Im not sure i like the public internet with ip certs. I do it at home because sometimes dns be down and have some good internal uses. But, shouldnt be public. Imagine firing up a /24 on linode, requesting certs on every ip, then releasing the ips, and saving the certs. Another linode account would later get an ip in that range, and then you can freely mitm the linode site by ip. Im making a number of 'magical' things in between this, of course, but, it seems allowing an IP from a public CA could be a terrible thing. The only saving grace in this case is the short lifetime of the certs, however, im not a fan of that either.
As an aside, im starting to get squinty eyes relating to LE, both things they announce in that article, are things that greatly affect the internet at large. I see it as something google would pull to ensure dominance by lock-in. Sorry you can no longer change SSL providers because certs only live a few minutes now, and of course you cant afford to not have a cert or no one will see your site. Im exaggerating slightly, but these changes are not something i think should be allowed, and LE shouldve listened to everyone yelling. Sure, allow down to 6 day certs, but that will surely become the maximum soon.

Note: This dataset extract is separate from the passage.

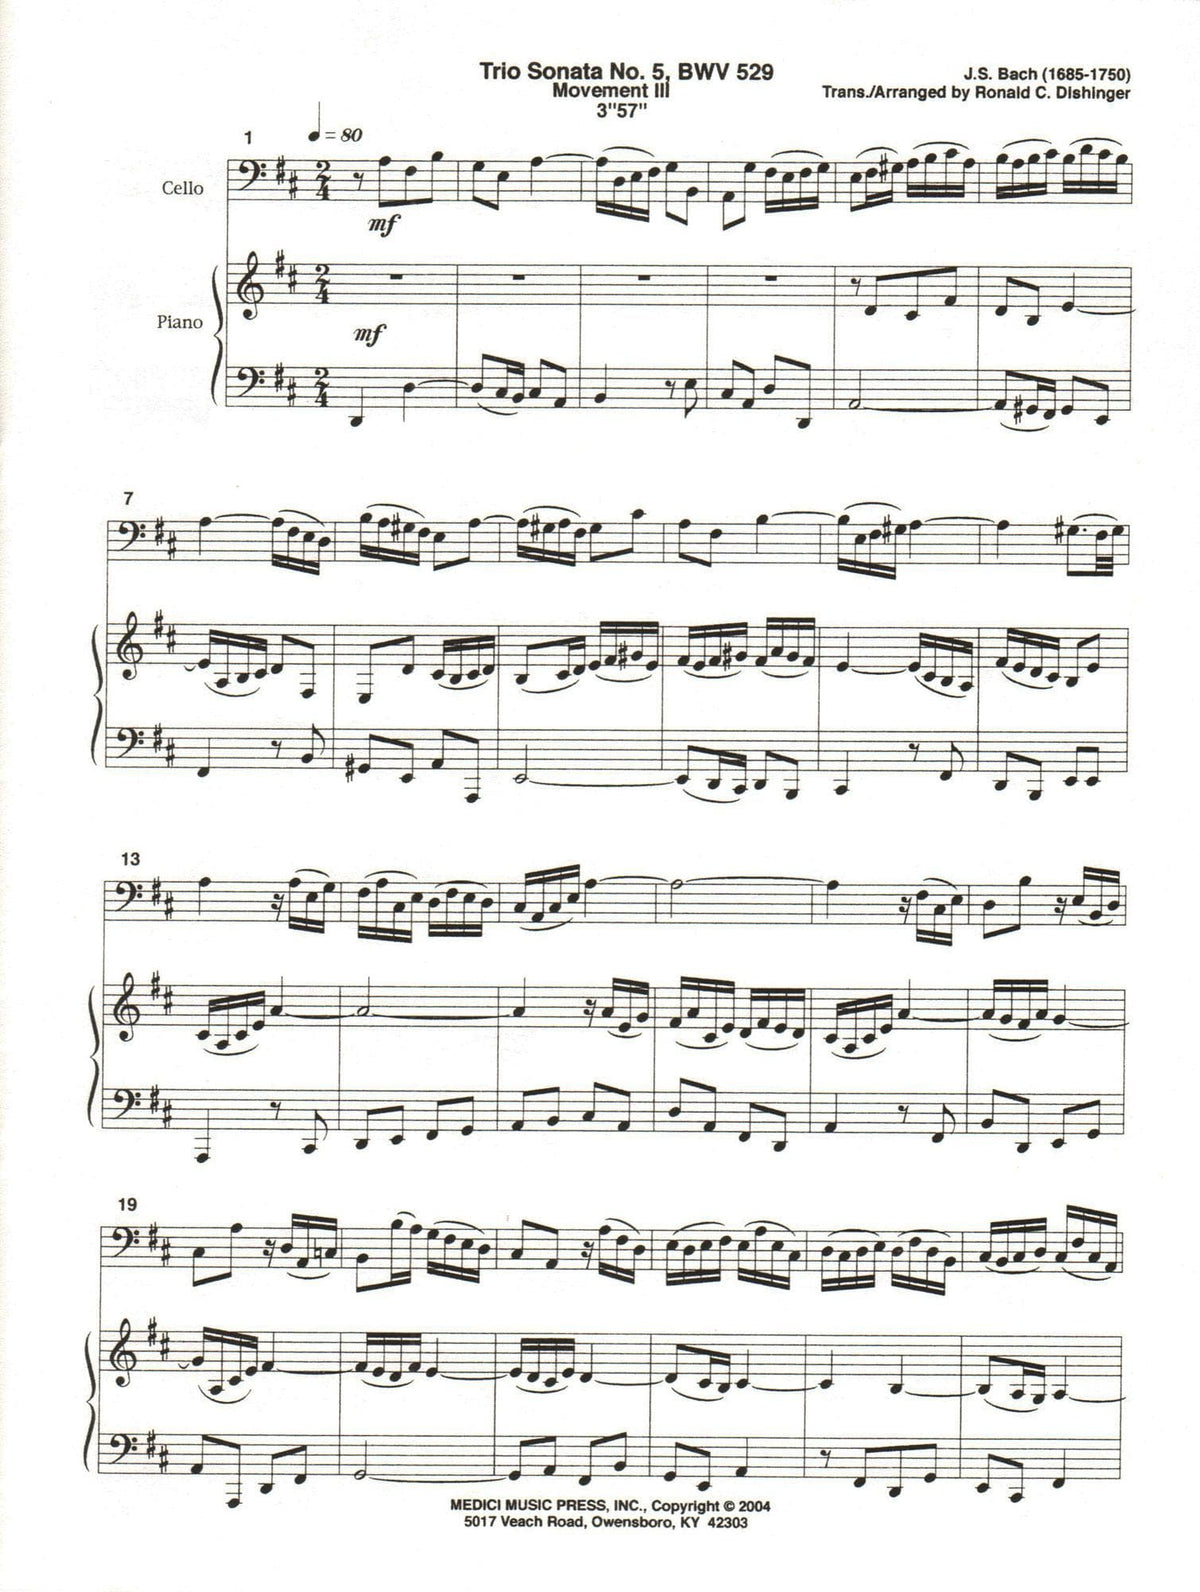 Bach, J.S. - Trio Sonata No. 5 Movement III, from Six Trio Sonatas, BWV 529 - for Cello and Piano - arr. by Dishinger - Medici Music Press

That's a bit of a stretch to say anyone agreed on not using IP based certs. Quite the contrary. It is present in RFC 5280 and SAN can contain an IP. It's just very rare to do that, but can be done and is done. Modern browsers and OSs accept it as well.
It's nice when you need to do some cert pinning to make sure there is not MITM eavesdropping, or for example on some onprem environments where you can't fully control workstations/DNS of you user endpoints, but still want to have your services behind certs that actually properly validate.
You don't have enough nodes for CRL size to become a problem, and if a node does get compromised you're hardly going to leave it up and running for a year (i.e. you'd obviously kill the node, and the cert is useless without control of the DNS name).
EDIT: the other direction to go of course is way shorter. Like do you need a certificate with a lifetime longer then business hours before renewal?